Data extract:
════════

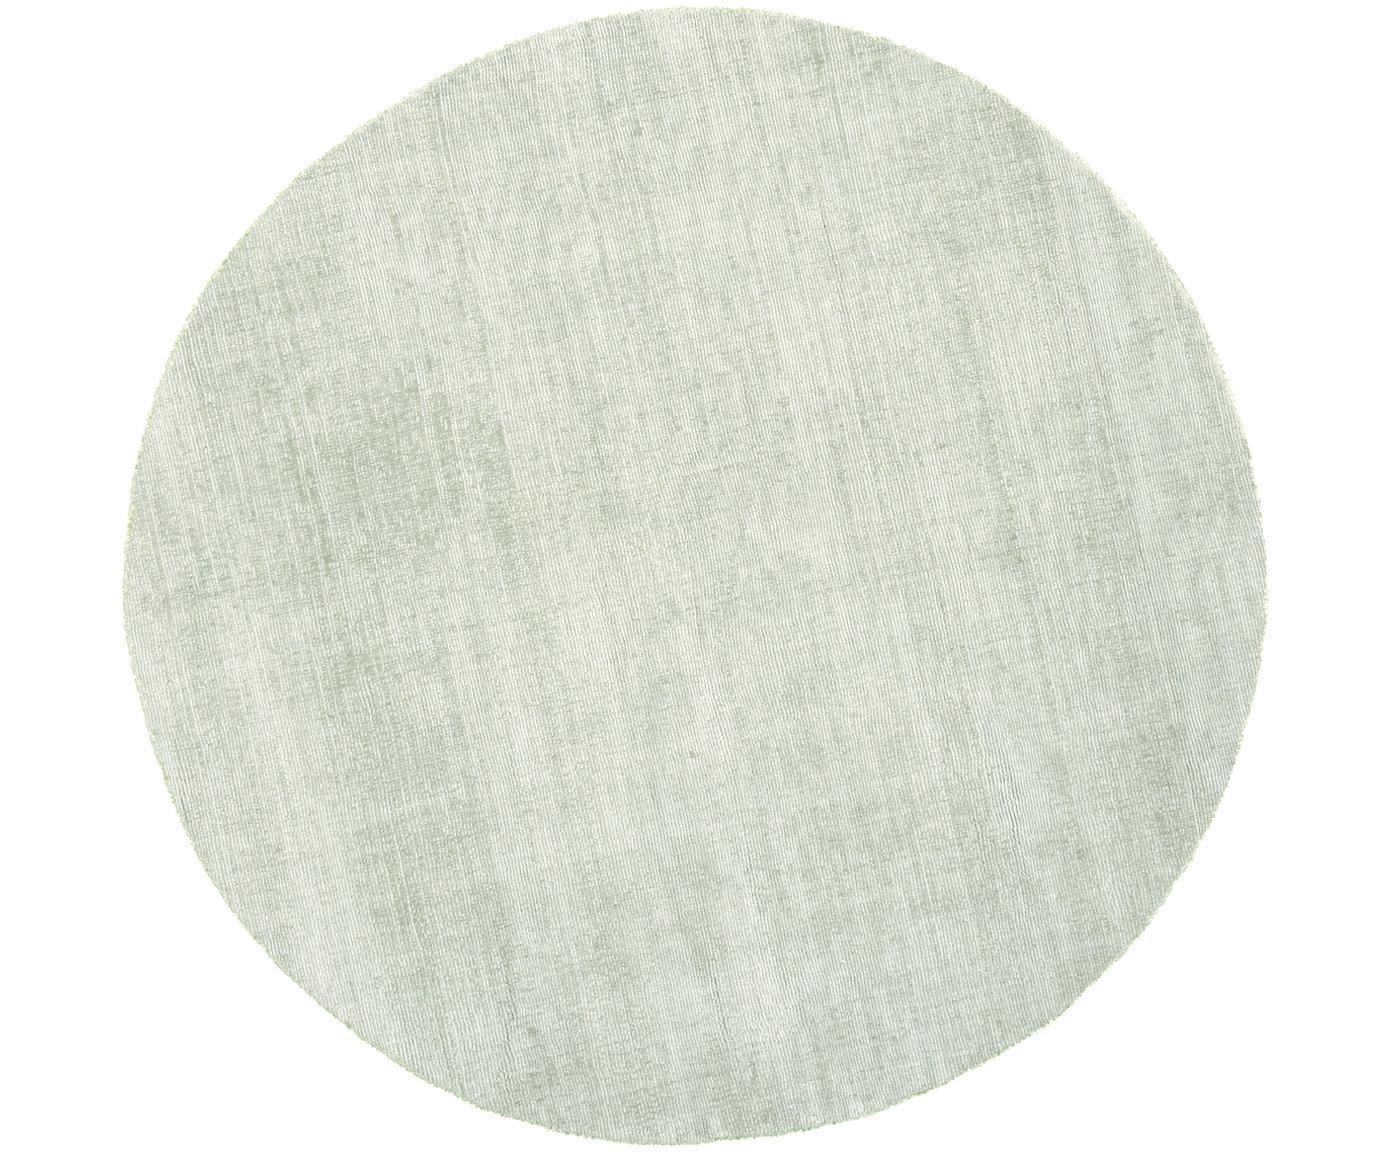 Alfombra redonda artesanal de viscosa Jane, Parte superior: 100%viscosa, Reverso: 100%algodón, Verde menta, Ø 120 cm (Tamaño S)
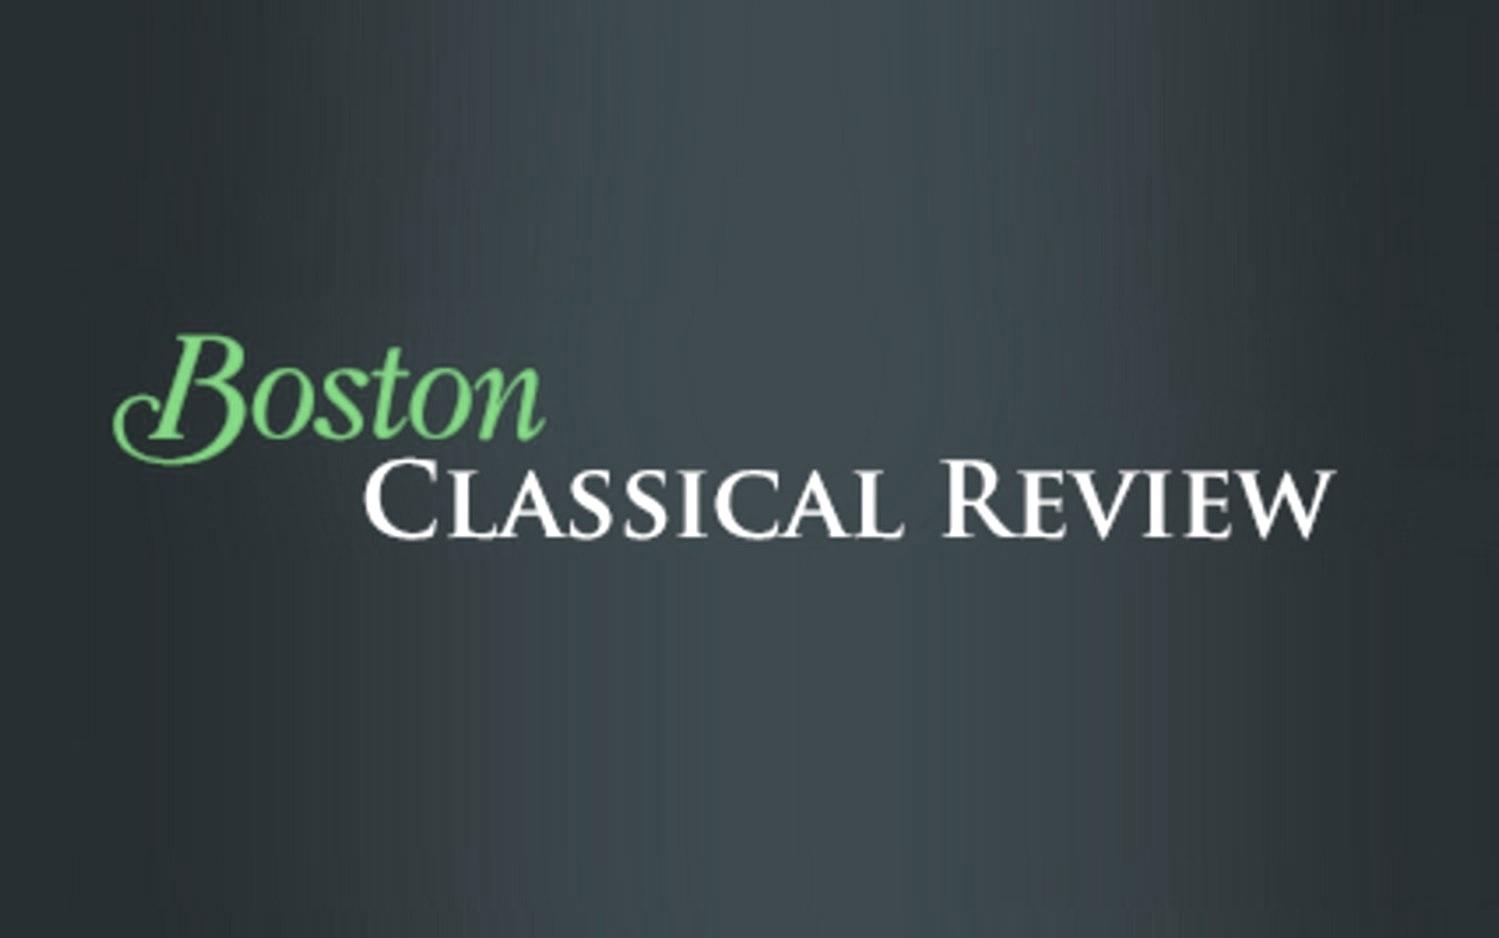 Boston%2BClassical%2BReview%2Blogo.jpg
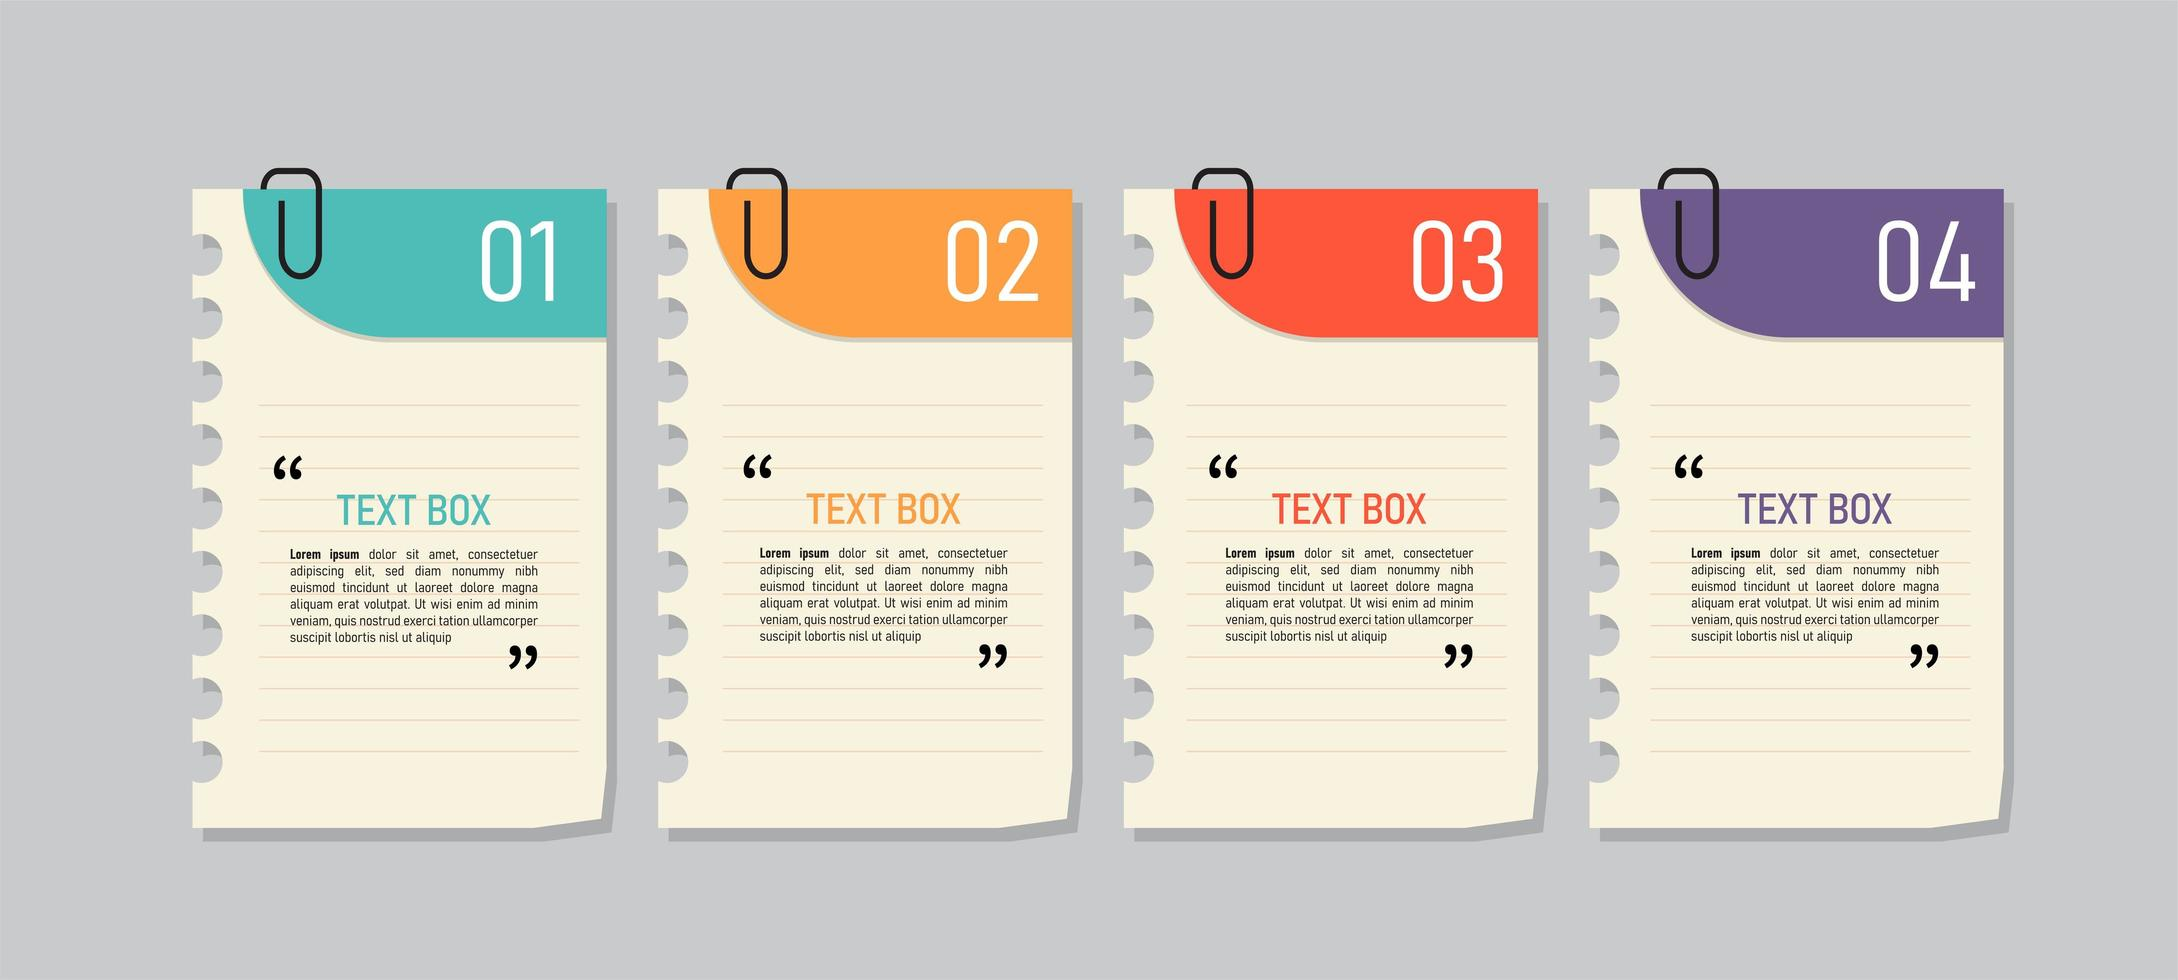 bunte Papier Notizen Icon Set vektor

════════

Task instructions: Skipping any pictures, transcribe the full listing exactly.

The answer:
 Alfombra redonda artesanal de viscosa Jane, Parte superior: 100%viscosa, Reverso: 100%algodón, Verde menta, Ø 120 cm (Tamaño S)
 Boston%2BClassical%2BReview%2Blogo.jpg
 bunte Papier Notizen Icon Set vektor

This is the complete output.